====== INFORMATION SHOWN

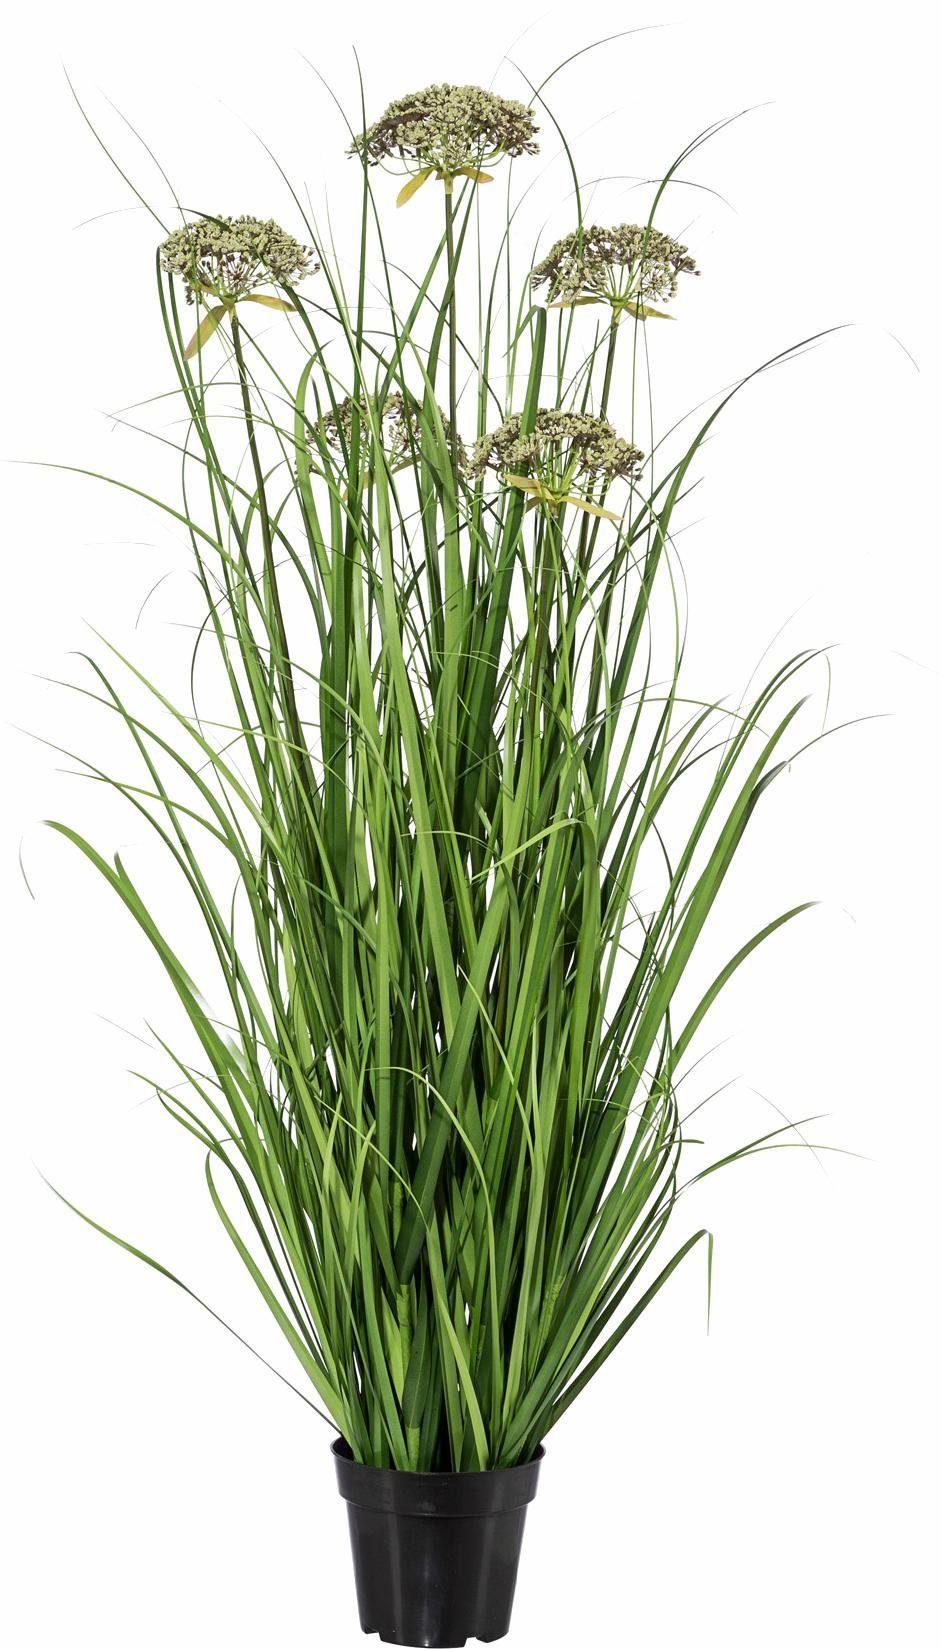 Home affaire Kunstpflanze »Gras« in Kunststofftopf
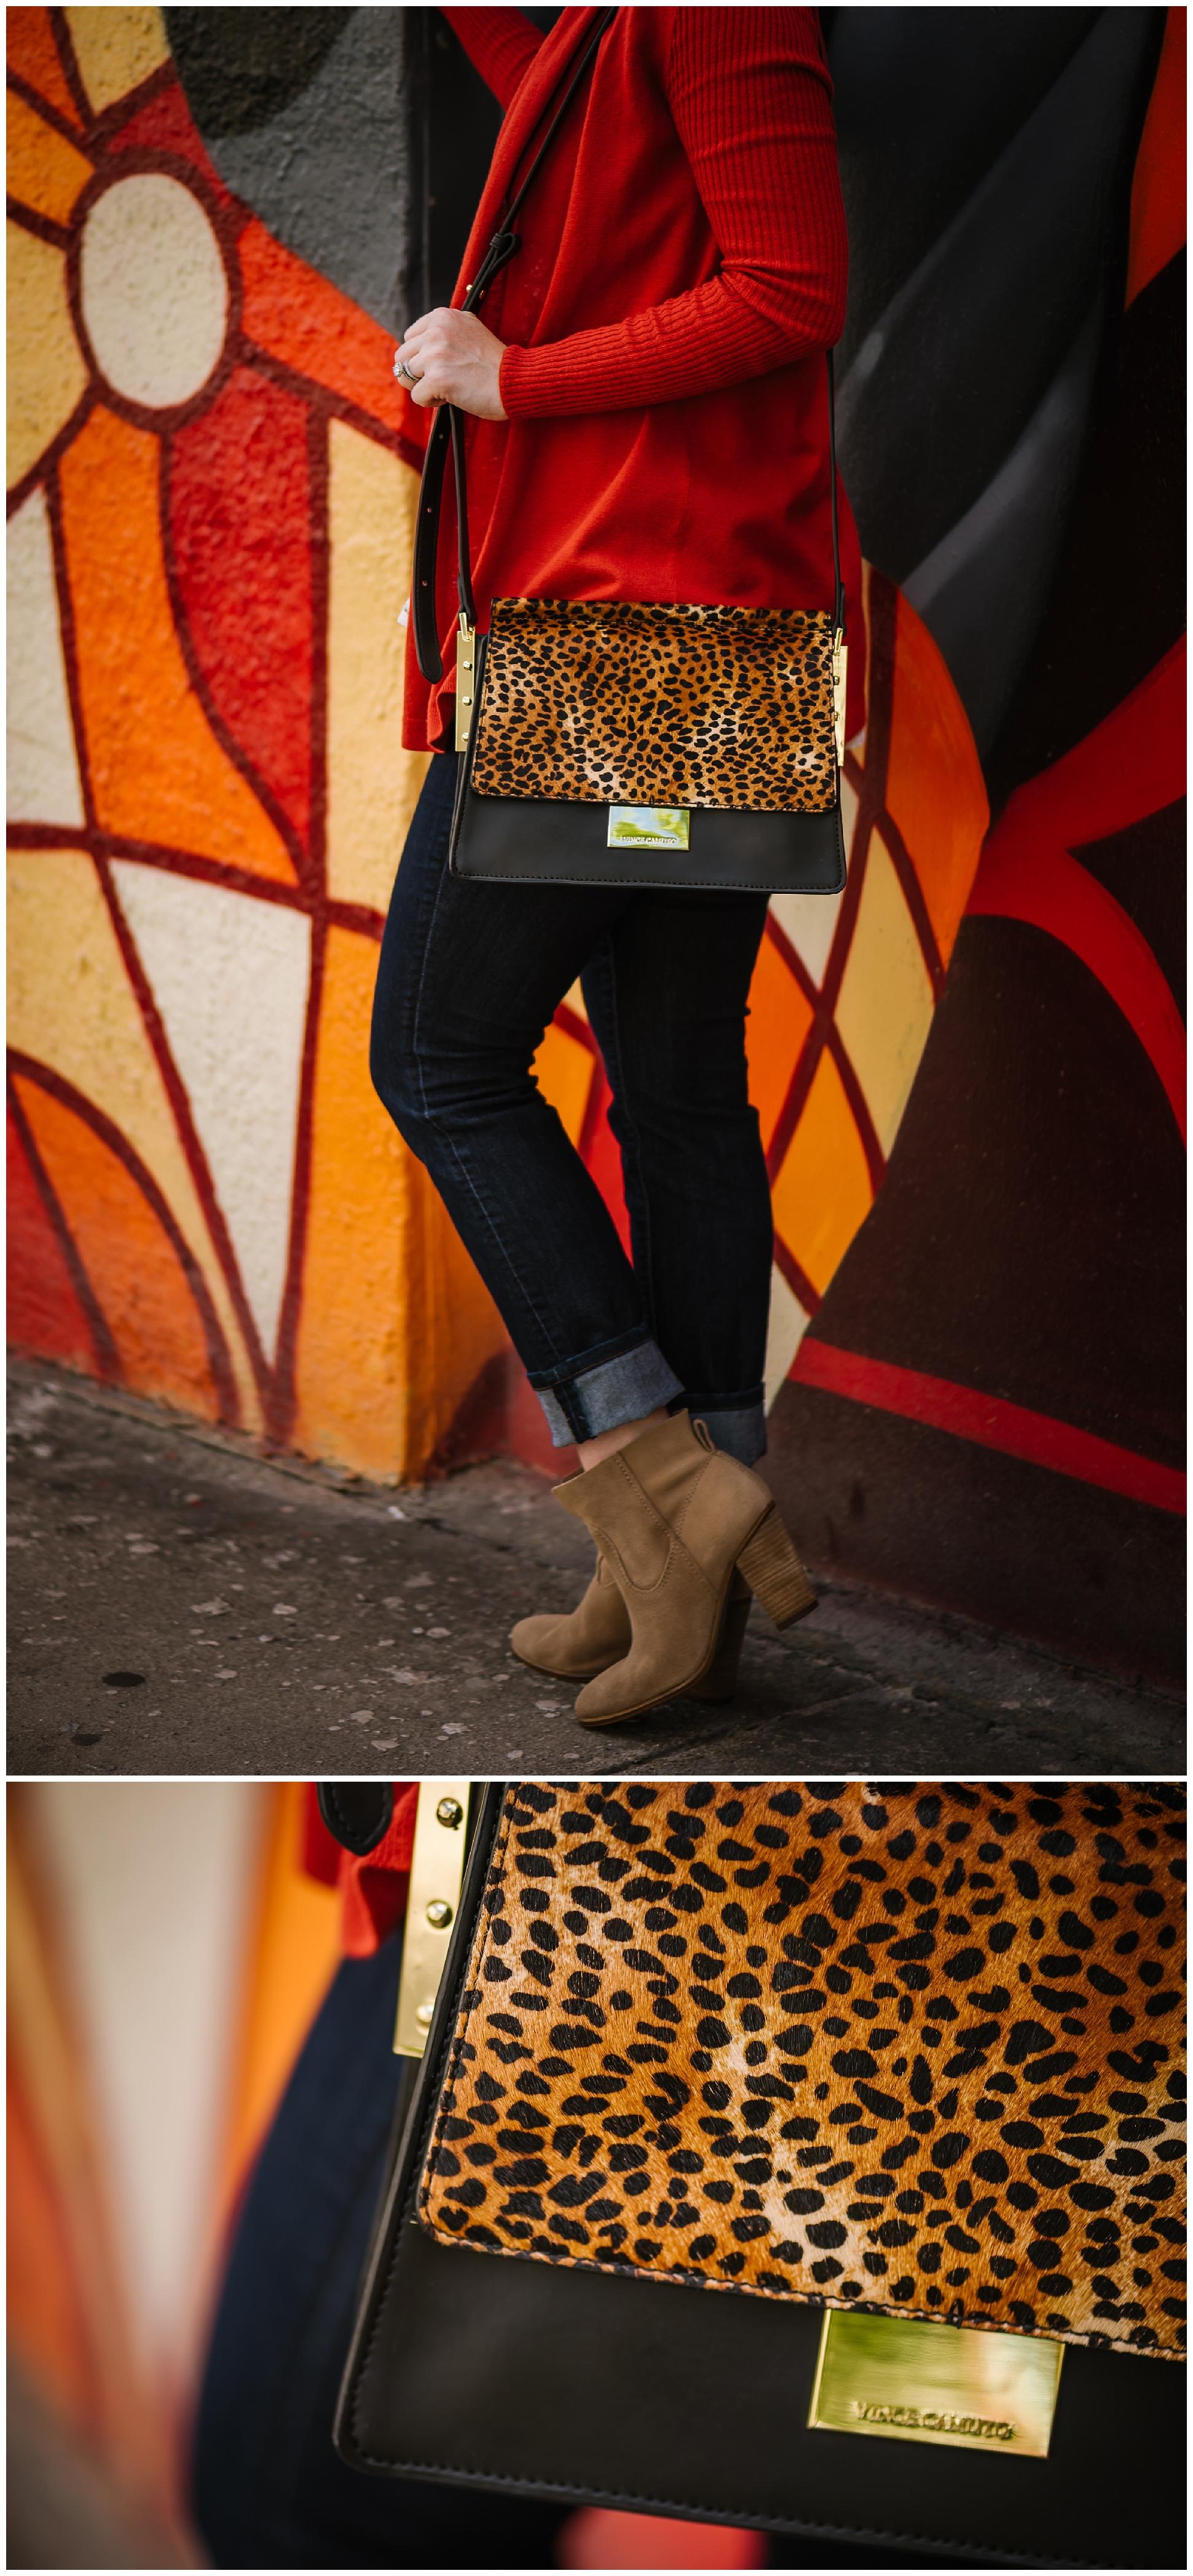 Tampa-lifestyle-bradning-fashion-blogger-photographer_0013.jpg
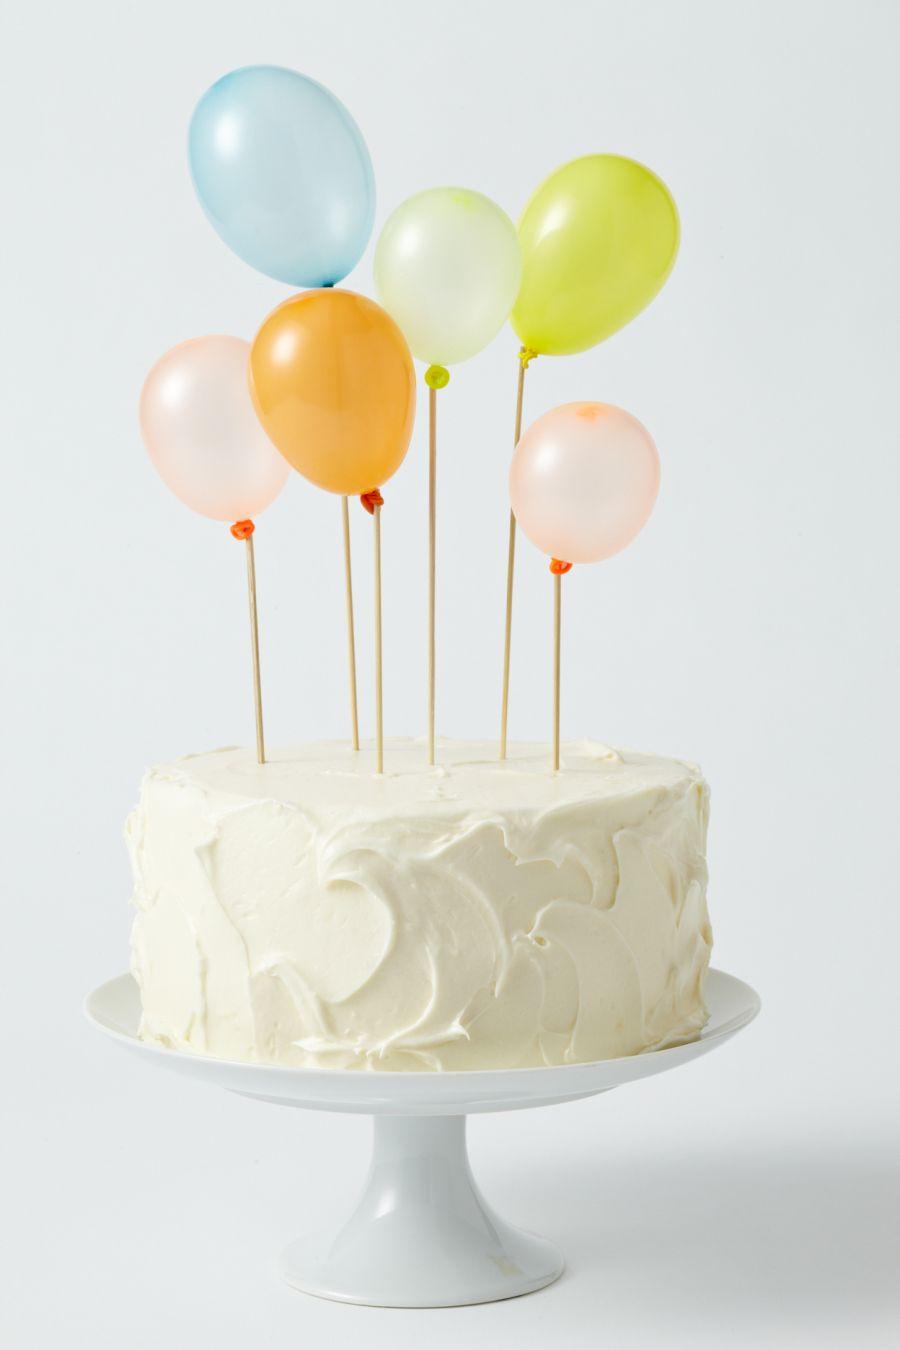 Cake Martha stewart Decoration and Cake
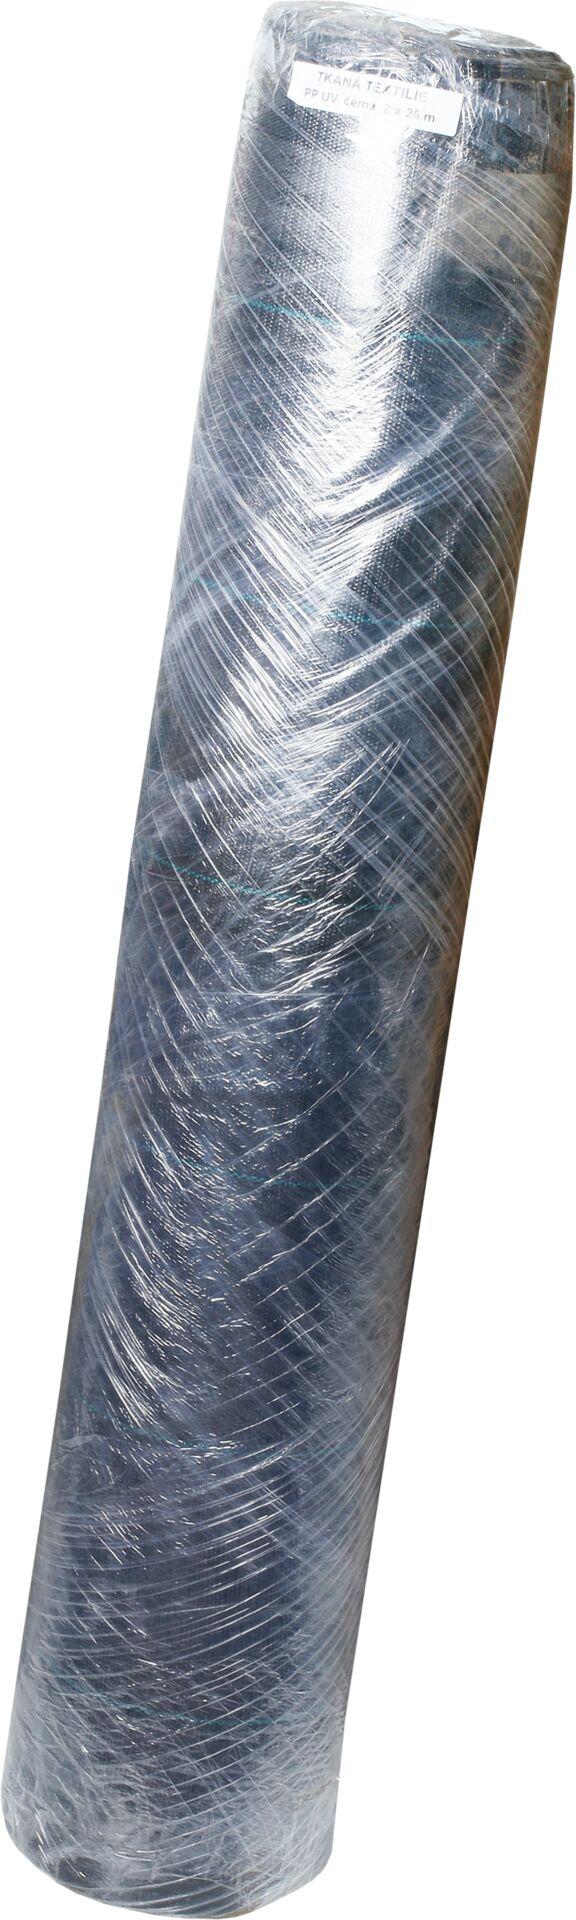 Tkaná textilie 90g - 2 x 25 m černá - 1 rol

============

• **TASK STATEMENT**: Write out exactly, and only, the lines from the line holding "Cake Martha stewart Decoration and Cake" through the end of the data, inclusive, without any pictures.

• **RESPONSE**:
 Cake Martha stewart Decoration and Cake
 Tkaná textilie 90g - 2 x 25 m černá - 1 rol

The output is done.